On Wednesday, March 8, women are encouraged to join A Day Without a Woman, a national strike coinciding with International Women's Day that was planned by the Women's March on Washington in an ongoing effort to defend women's rights in the current political climate. Organizers want to use the day to draw attention to the impact women, including transwomen, and gender nonconforming folks, have on the economy while systematically earning less money and experiencing higher rates of discrimination and sexual harassment in the workplace.
Influenced by the strikes of New York's Yemeni immigrant store owners and Feb. 16's Day Without Immigrants, women are encouraged to take March 8 off work and avoid making economic contributions (with exceptions for small, women- and minority-owned businesses). Organizers suggest strikers use the day to attend rallies, marches, or support community nonprofits.

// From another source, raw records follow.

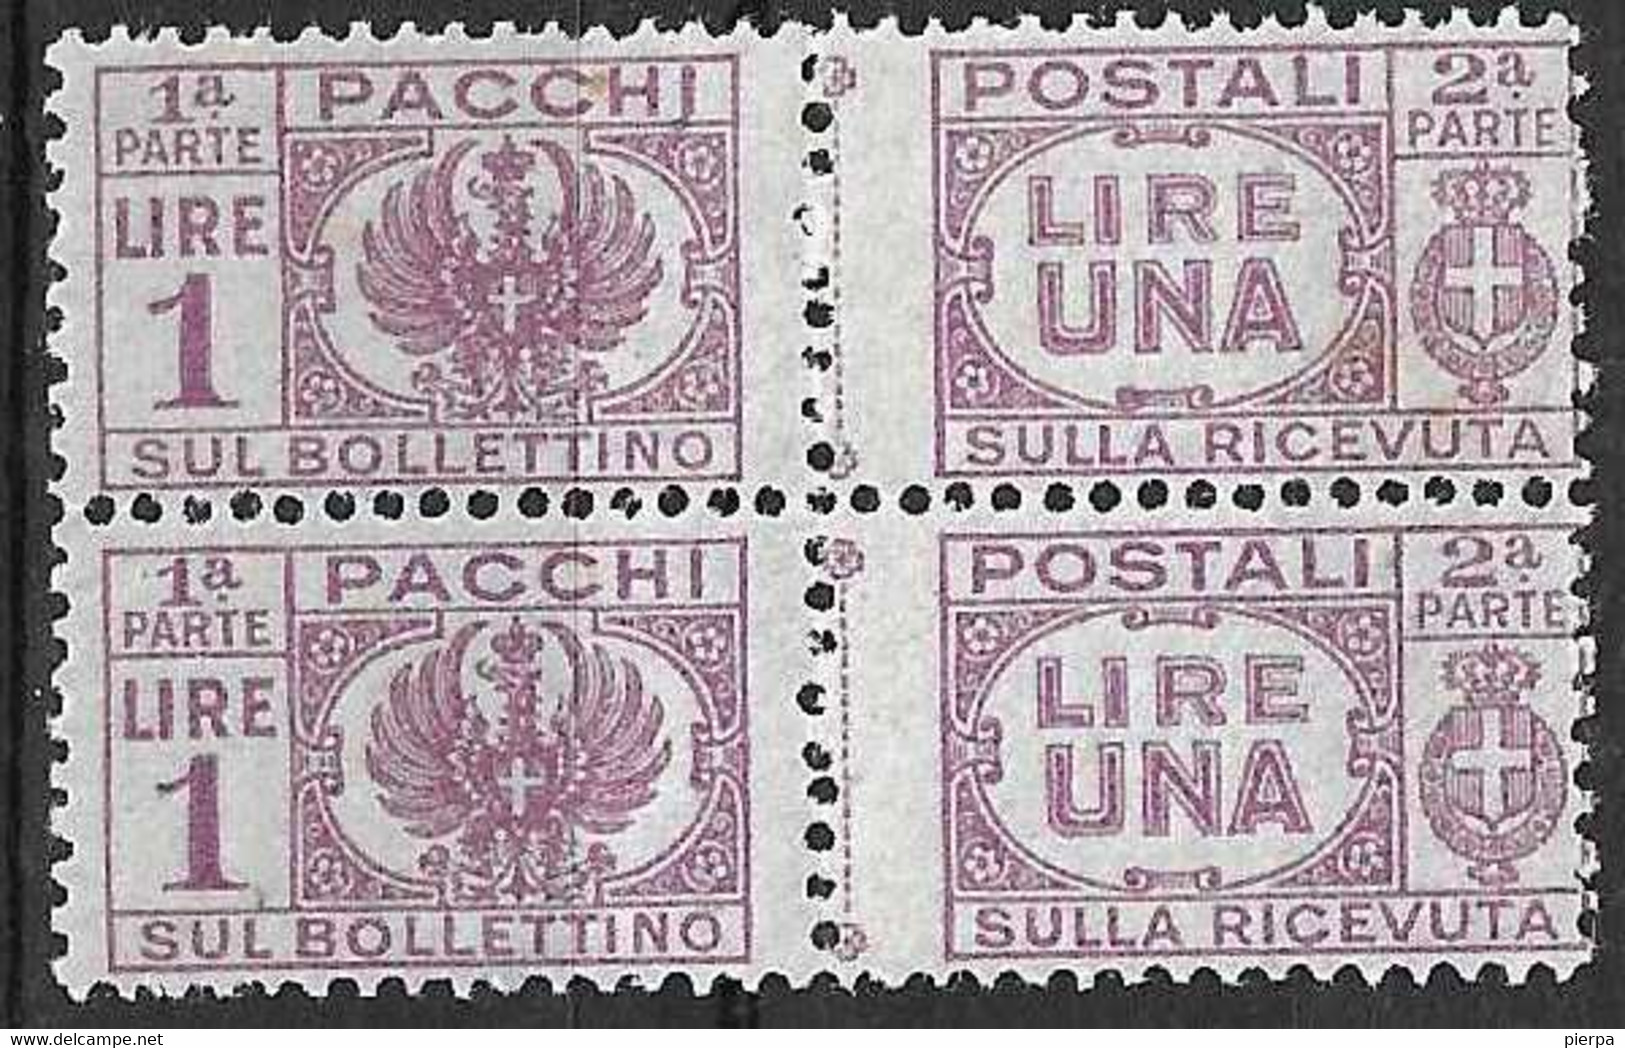 ITALIA - 1946 - PACCHI POSTALI -COPPIA DEL LIRE 1 - FIL CORONA - NUOVO MNH**(SS 60 - YVERT 46 - MICHEL 60) - Postpaketten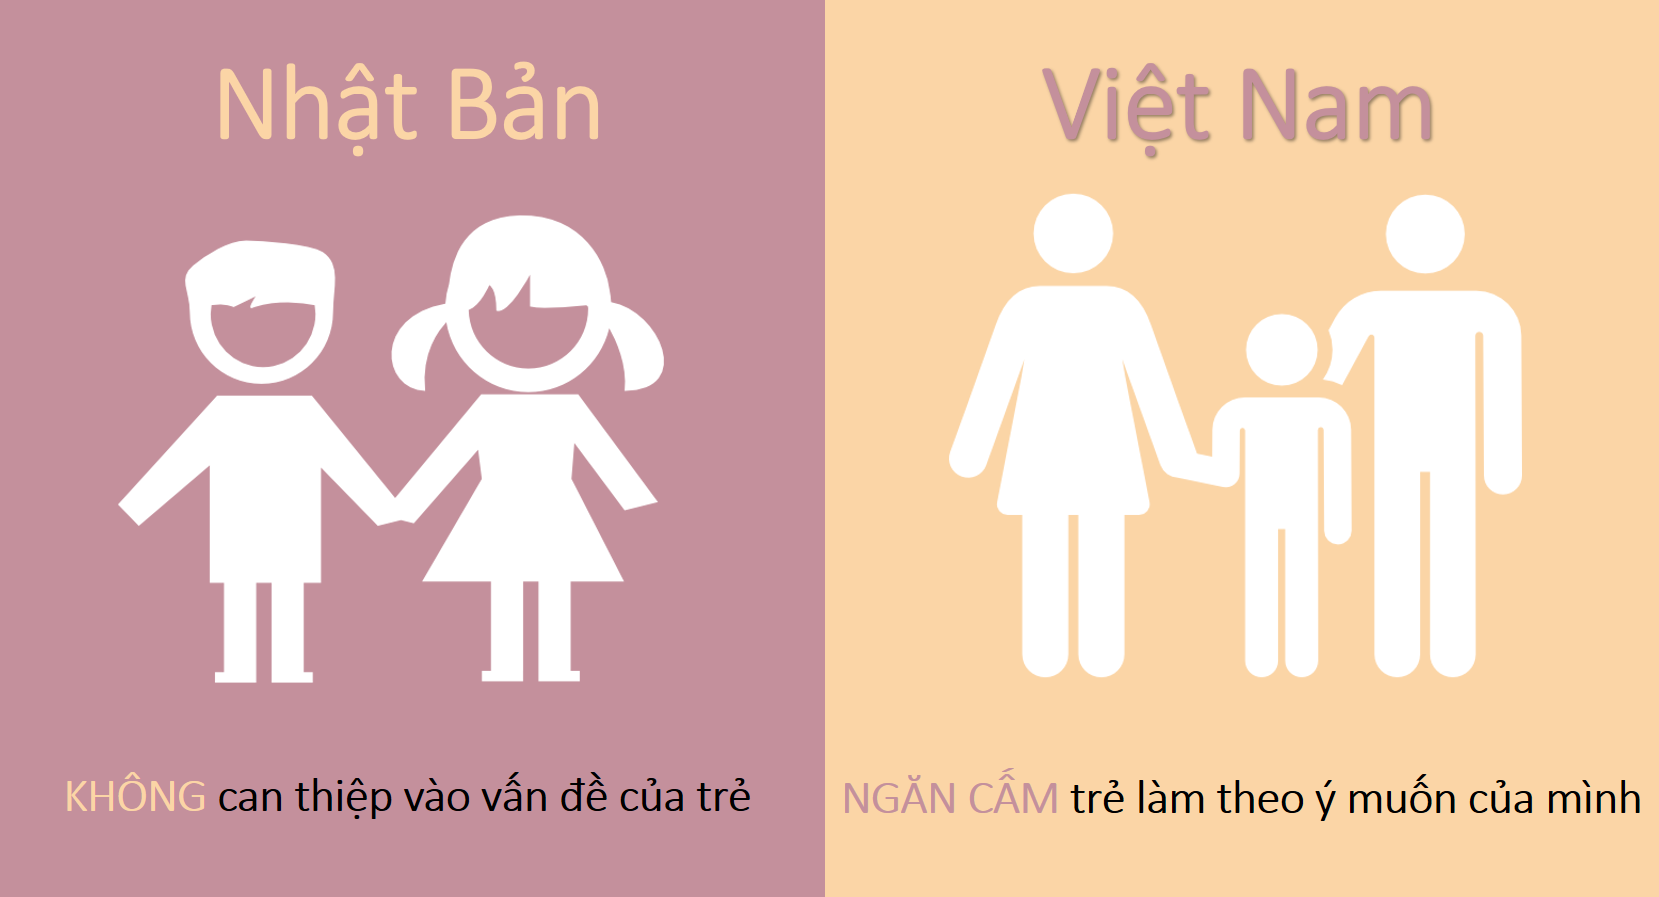 5 điểm khác biệt trong cách nuôi dạy trẻ của người Nhật và người Việt (từ 0 đến 10 tuổi)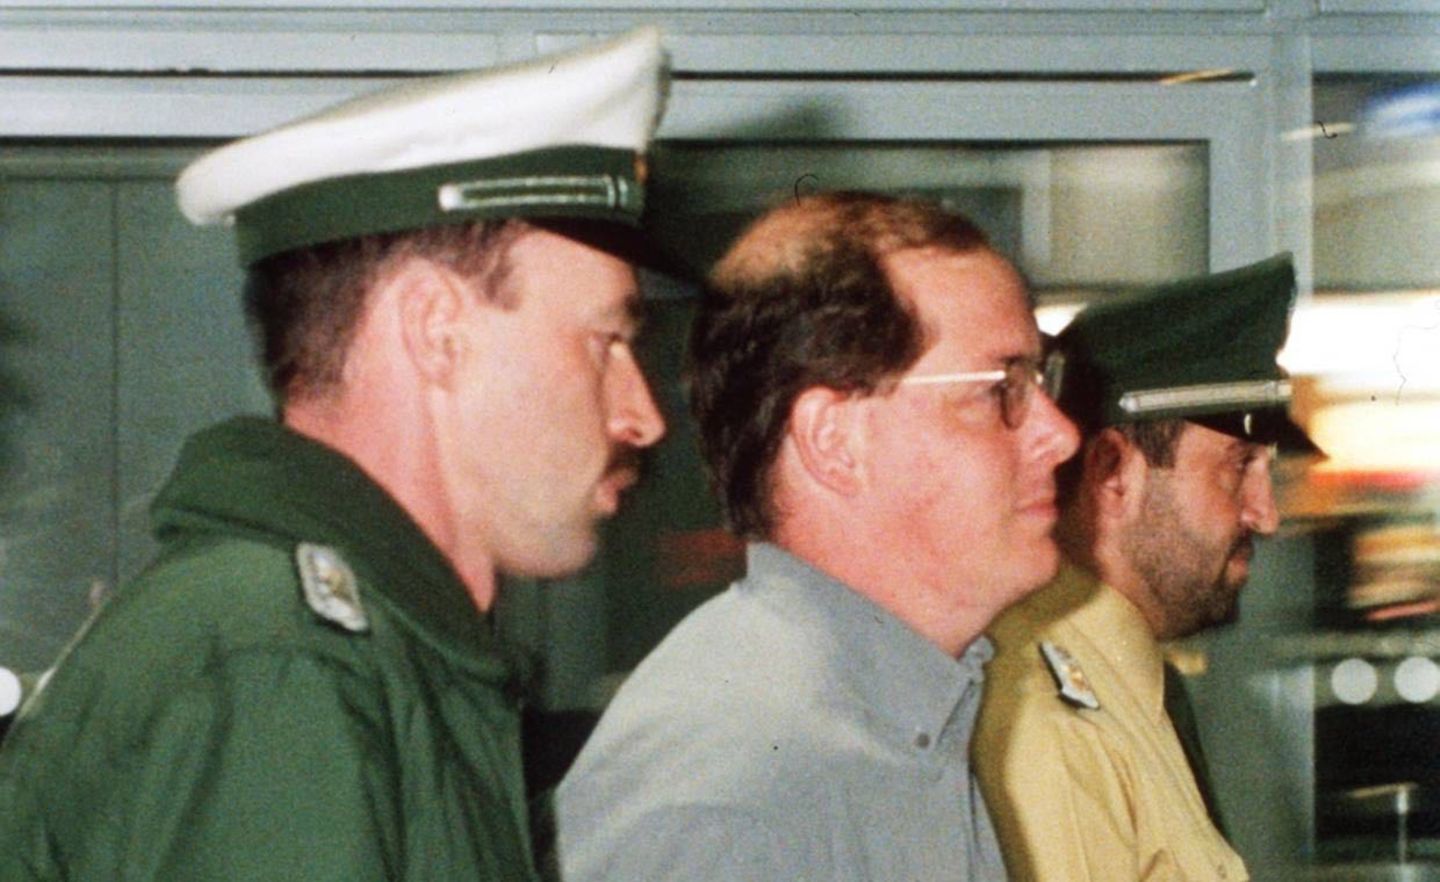 Ende einer Flucht: In Frankfurt wird Nick Leeson (M.) 1995 festgenommen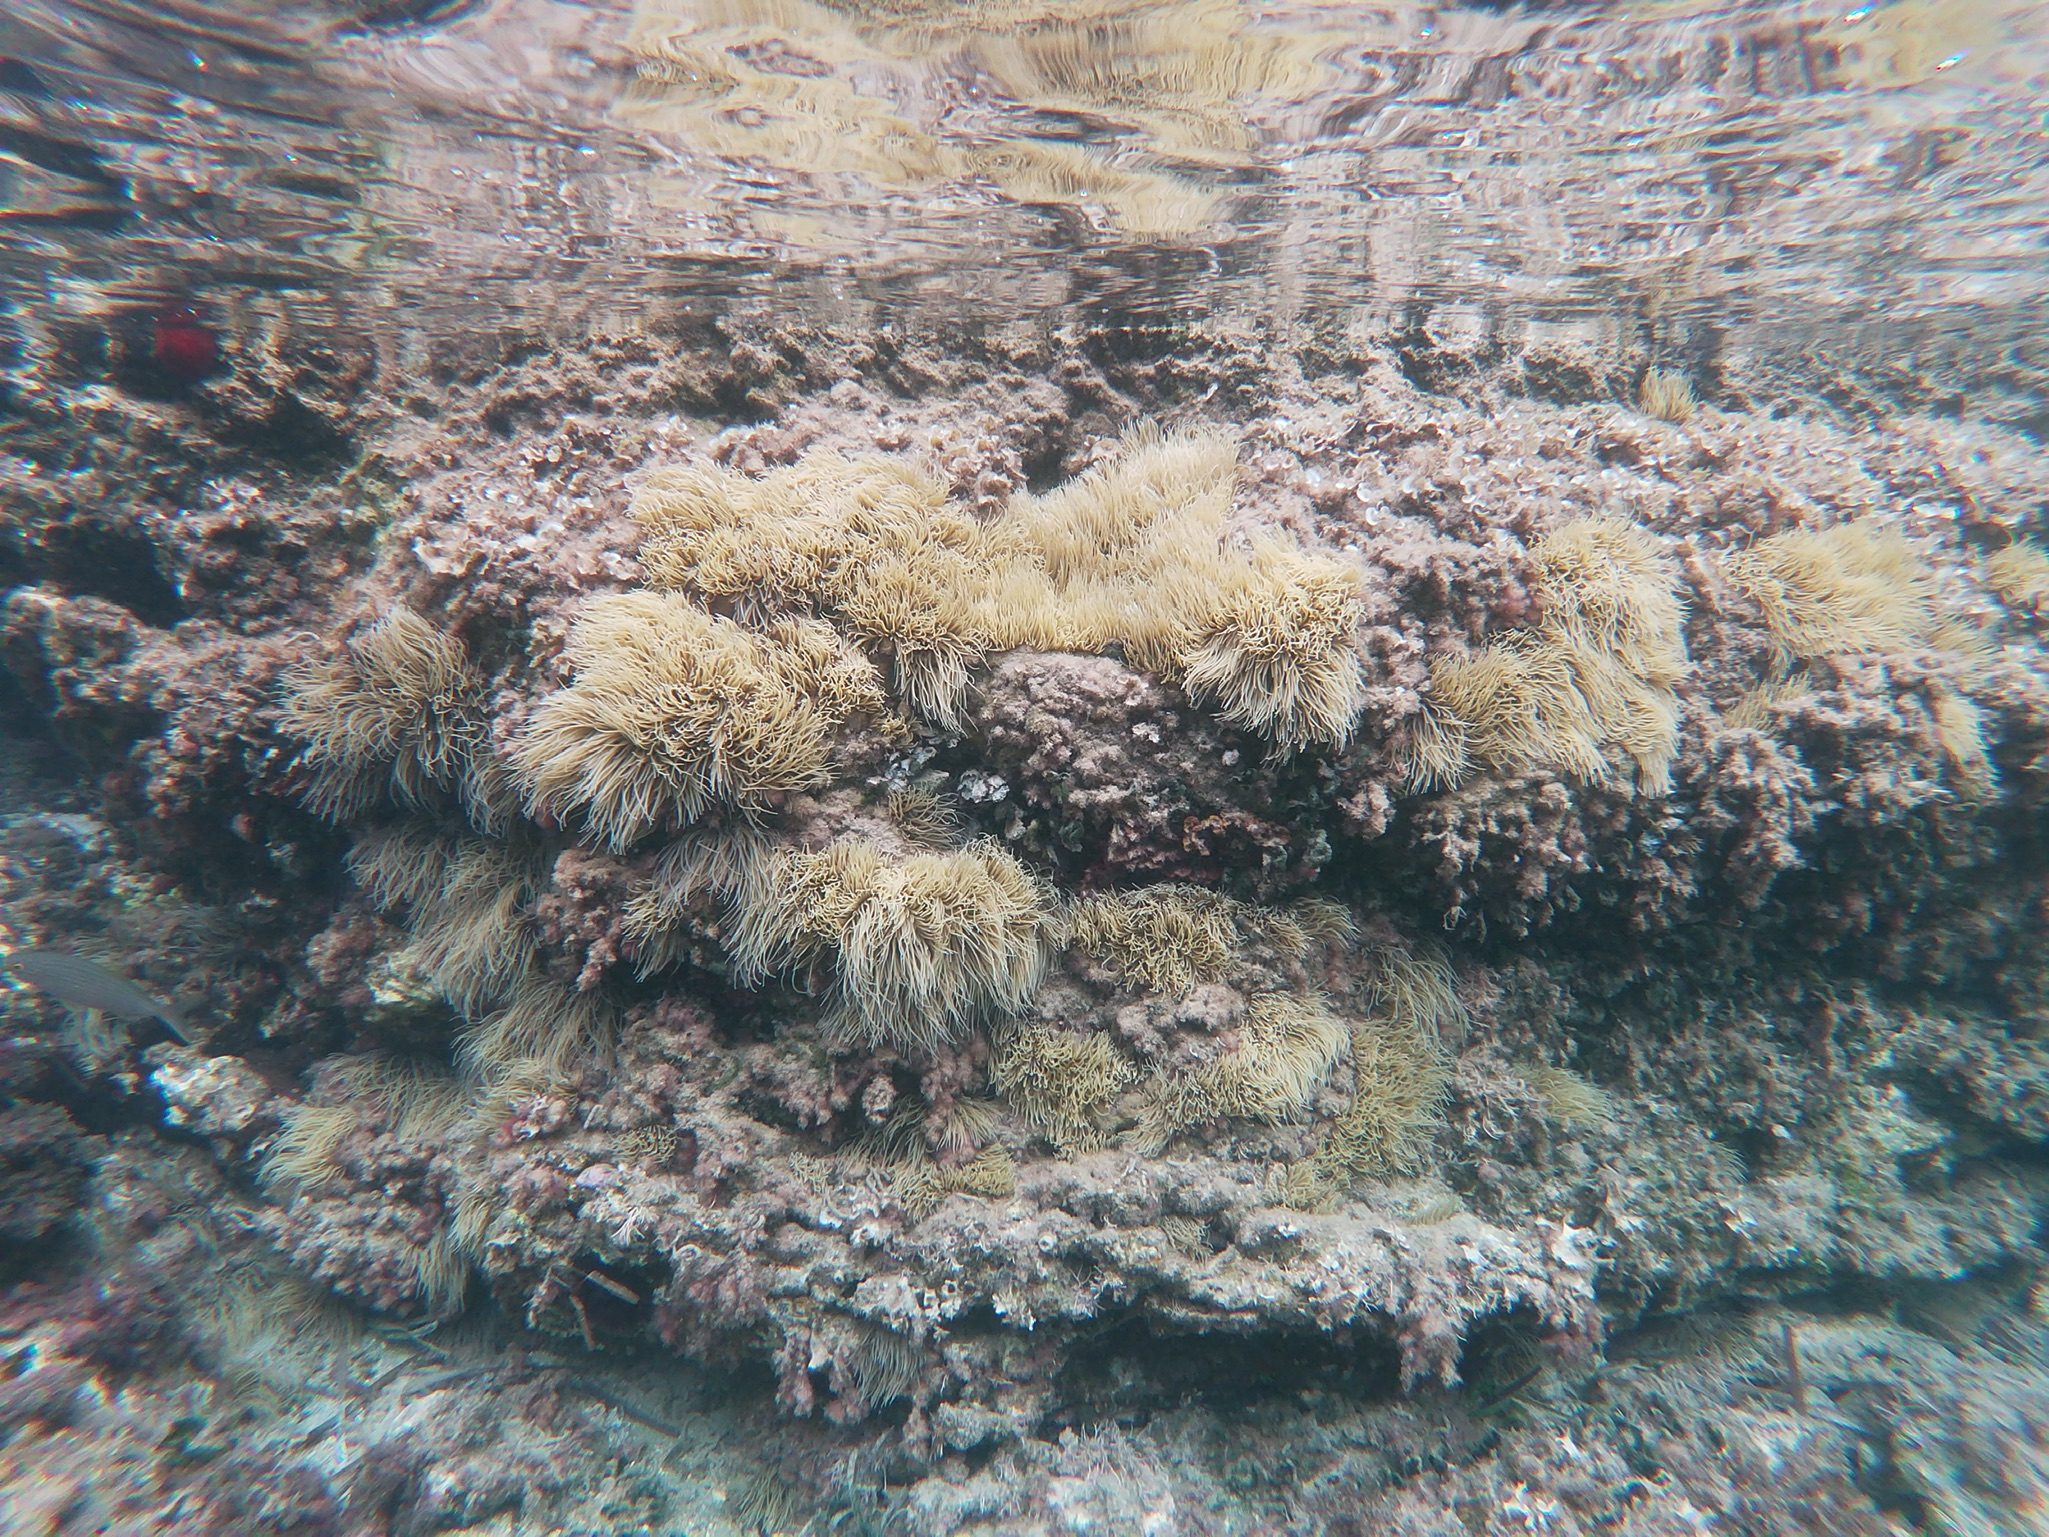 Arrecife

Locally, preparations for the strike have stirred some controversy. Because Texas is an at-will state (meaning employers can fire workers without reason), organizers of Austin's Women's March (renamed March On! Texas to be more inclusive) have decided not to participate in A Day Without a Woman. Melissa Fiero, Austin's lead coordinator for the march, told the Chronicle that she and other organizers decided "almost unanimously" that "the strike would disproportionately cause harm to communities we've attached ourselves to protect."
Fiero noted the march's mission to defend women's rights, safety, health, and families in solidarity, but said ultimately that she believes the strike goes against organizers' objectives by "neglecting those who can't afford to lose a day of pay or – worse – their job." According to The Atlantic, approximately 100 workers across the country were fired for participating in A Day Without Immigrants. "It just didn't feel right asking people to take that risk, but we support those who decide to strike," Fiero said. Instead, groups throughout the state have begun organizing an alternative action: Spending a Day With Texas Women. March On! urges people to support solely women-owned businesses on March 8 – an idea that may allow allies to participate more easily.
Susan Post, owner of BookWoman, Austin's last remaining feminist bookstore, echoes Fiero's sentiments. She told the Chronicle she considered participating in the strike, but ultimately decided "having the feminist bookstores open is important. It seems counterintuitive to close when women need a space to gather and feel empowered on the 8th."
Planned Parenthood of Greater Texas will also remain open for business. "We'll be honoring the initiatives by doing what we do best: providing health care, community health education, and advocacy that supports women and families in our communities," said Sarah Wheat, PPGT's Chief External Affairs Officer. PP will also host its Dallas Annual Awards Luncheon that day – one of the organization's biggest benefits of the year. Staff and guests are encouraged to wear red.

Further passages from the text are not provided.